RECORDS SHOWN:
....
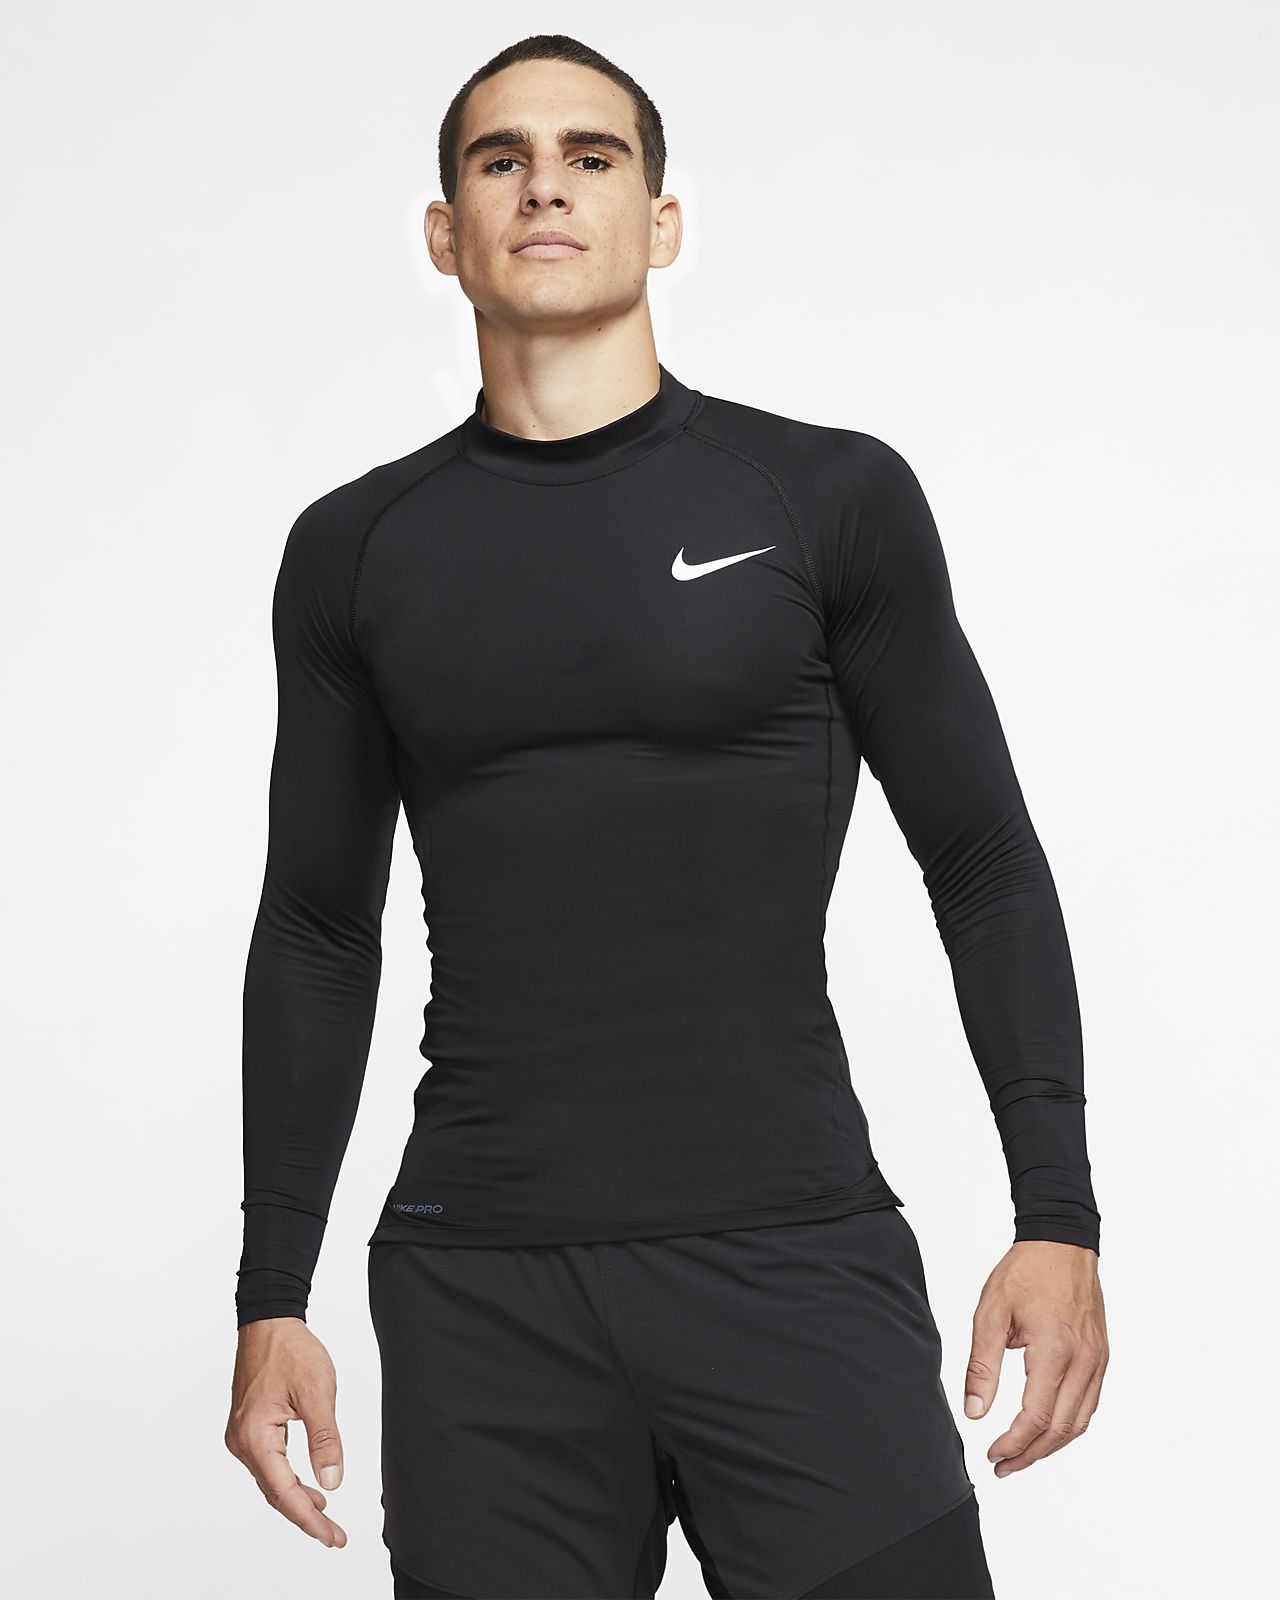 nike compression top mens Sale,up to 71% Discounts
....
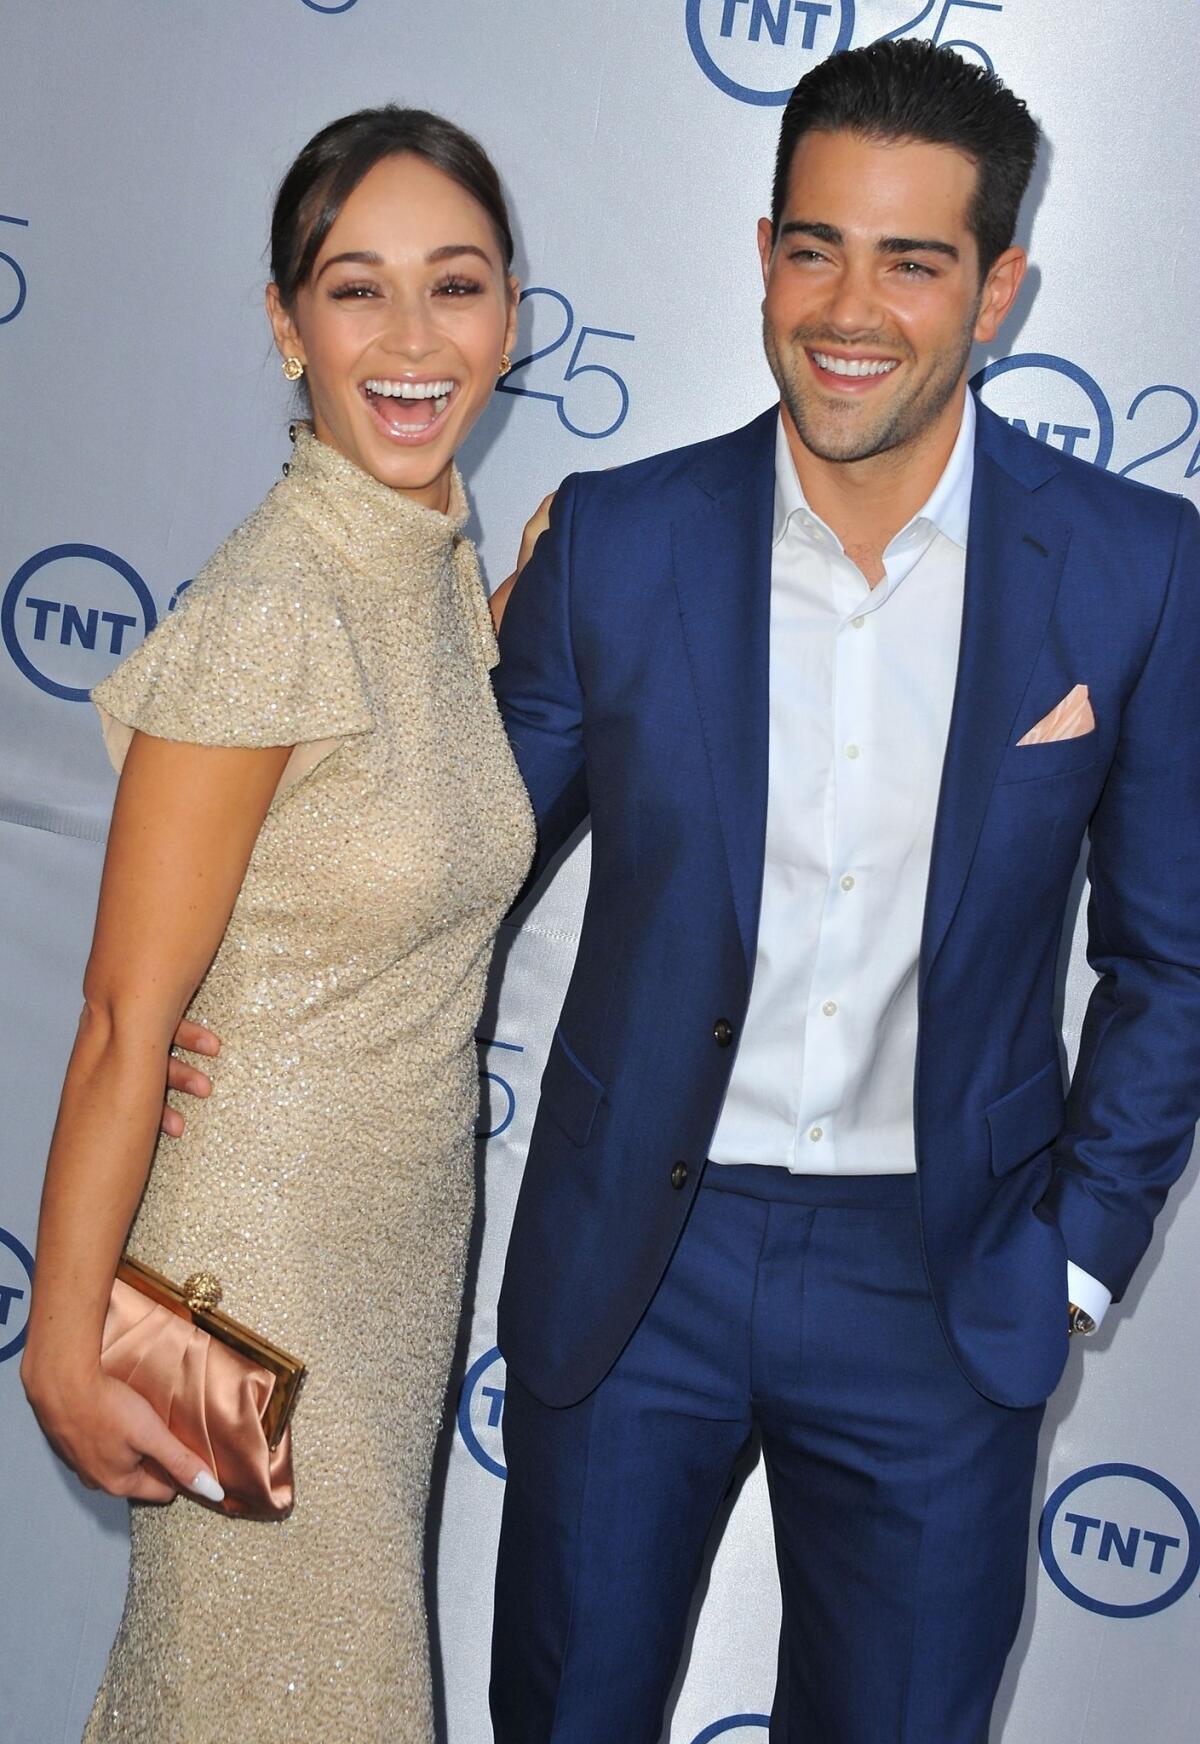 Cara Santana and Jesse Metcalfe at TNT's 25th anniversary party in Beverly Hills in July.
....
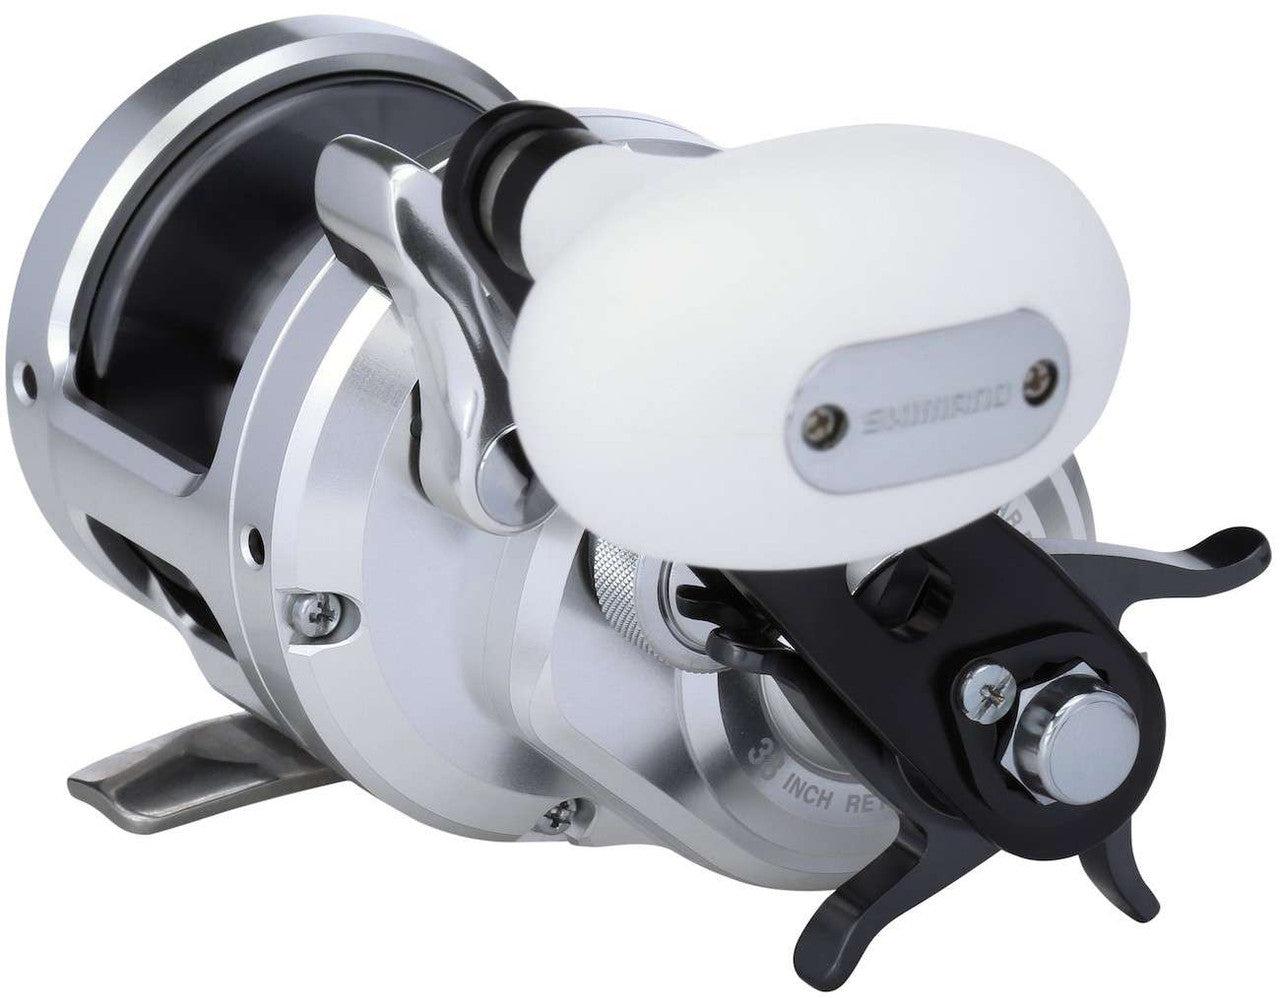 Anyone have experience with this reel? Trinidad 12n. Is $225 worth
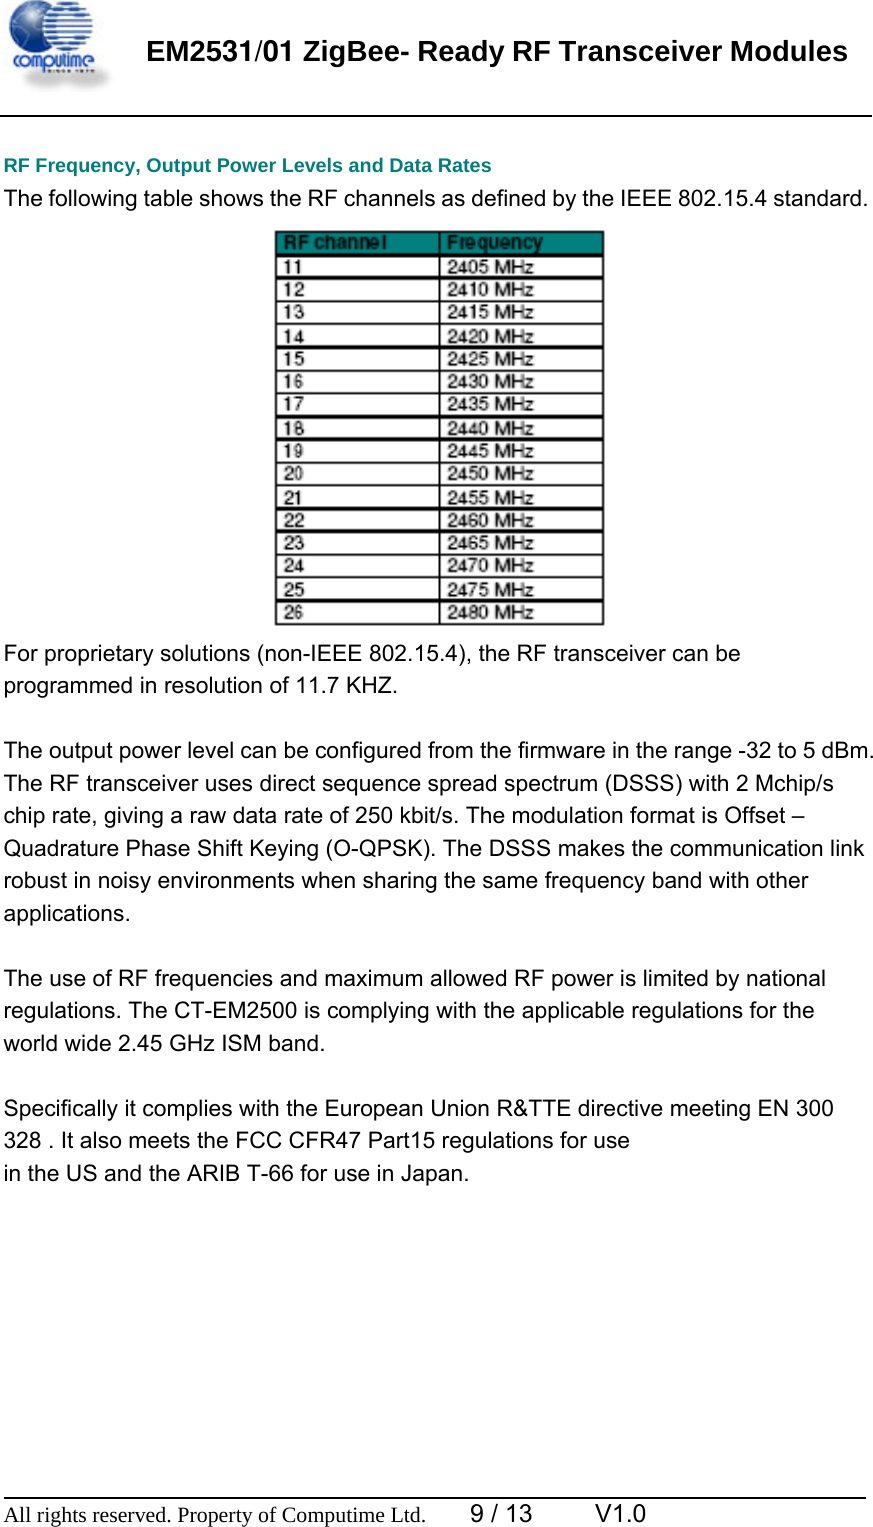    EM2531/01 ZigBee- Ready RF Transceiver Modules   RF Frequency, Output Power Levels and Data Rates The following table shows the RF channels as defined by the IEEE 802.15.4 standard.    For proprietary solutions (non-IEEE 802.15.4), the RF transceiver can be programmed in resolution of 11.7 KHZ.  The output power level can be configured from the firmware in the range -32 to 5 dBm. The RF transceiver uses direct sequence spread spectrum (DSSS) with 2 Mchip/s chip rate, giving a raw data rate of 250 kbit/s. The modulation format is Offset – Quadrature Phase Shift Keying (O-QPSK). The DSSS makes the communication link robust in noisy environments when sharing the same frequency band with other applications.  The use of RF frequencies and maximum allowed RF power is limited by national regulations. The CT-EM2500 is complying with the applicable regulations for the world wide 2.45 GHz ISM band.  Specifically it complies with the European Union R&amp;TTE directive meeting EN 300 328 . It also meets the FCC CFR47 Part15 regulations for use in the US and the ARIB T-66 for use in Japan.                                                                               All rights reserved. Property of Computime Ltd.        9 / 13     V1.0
....
WHAT IS REQUIRED: Please repeat, exactly as written, the lines in the records above, starting with the one that has "Anyone have experience" and going on through the one that has "EM2531/01 ZigBee- Ready". Pictures are to be left out.

YOUR SOLUTION:
 Anyone have experience with this reel? Trinidad 12n. Is $225 worth
    EM2531/01 ZigBee- Ready RF Transceiver Modules   RF Frequency, Output Power Levels and Data Rates The following table shows the RF channels as defined by the IEEE 802.15.4 standard.    For proprietary solutions (non-IEEE 802.15.4), the RF transceiver can be programmed in resolution of 11.7 KHZ.  The output power level can be configured from the firmware in the range -32 to 5 dBm. The RF transceiver uses direct sequence spread spectrum (DSSS) with 2 Mchip/s chip rate, giving a raw data rate of 250 kbit/s. The modulation format is Offset – Quadrature Phase Shift Keying (O-QPSK). The DSSS makes the communication link robust in noisy environments when sharing the same frequency band with other applications.  The use of RF frequencies and maximum allowed RF power is limited by national regulations. The CT-EM2500 is complying with the applicable regulations for the world wide 2.45 GHz ISM band.  Specifically it complies with the European Union R&amp;TTE directive meeting EN 300 328 . It also meets the FCC CFR47 Part15 regulations for use in the US and the ARIB T-66 for use in Japan.                                                                               All rights reserved. Property of Computime Ltd.        9 / 13     V1.0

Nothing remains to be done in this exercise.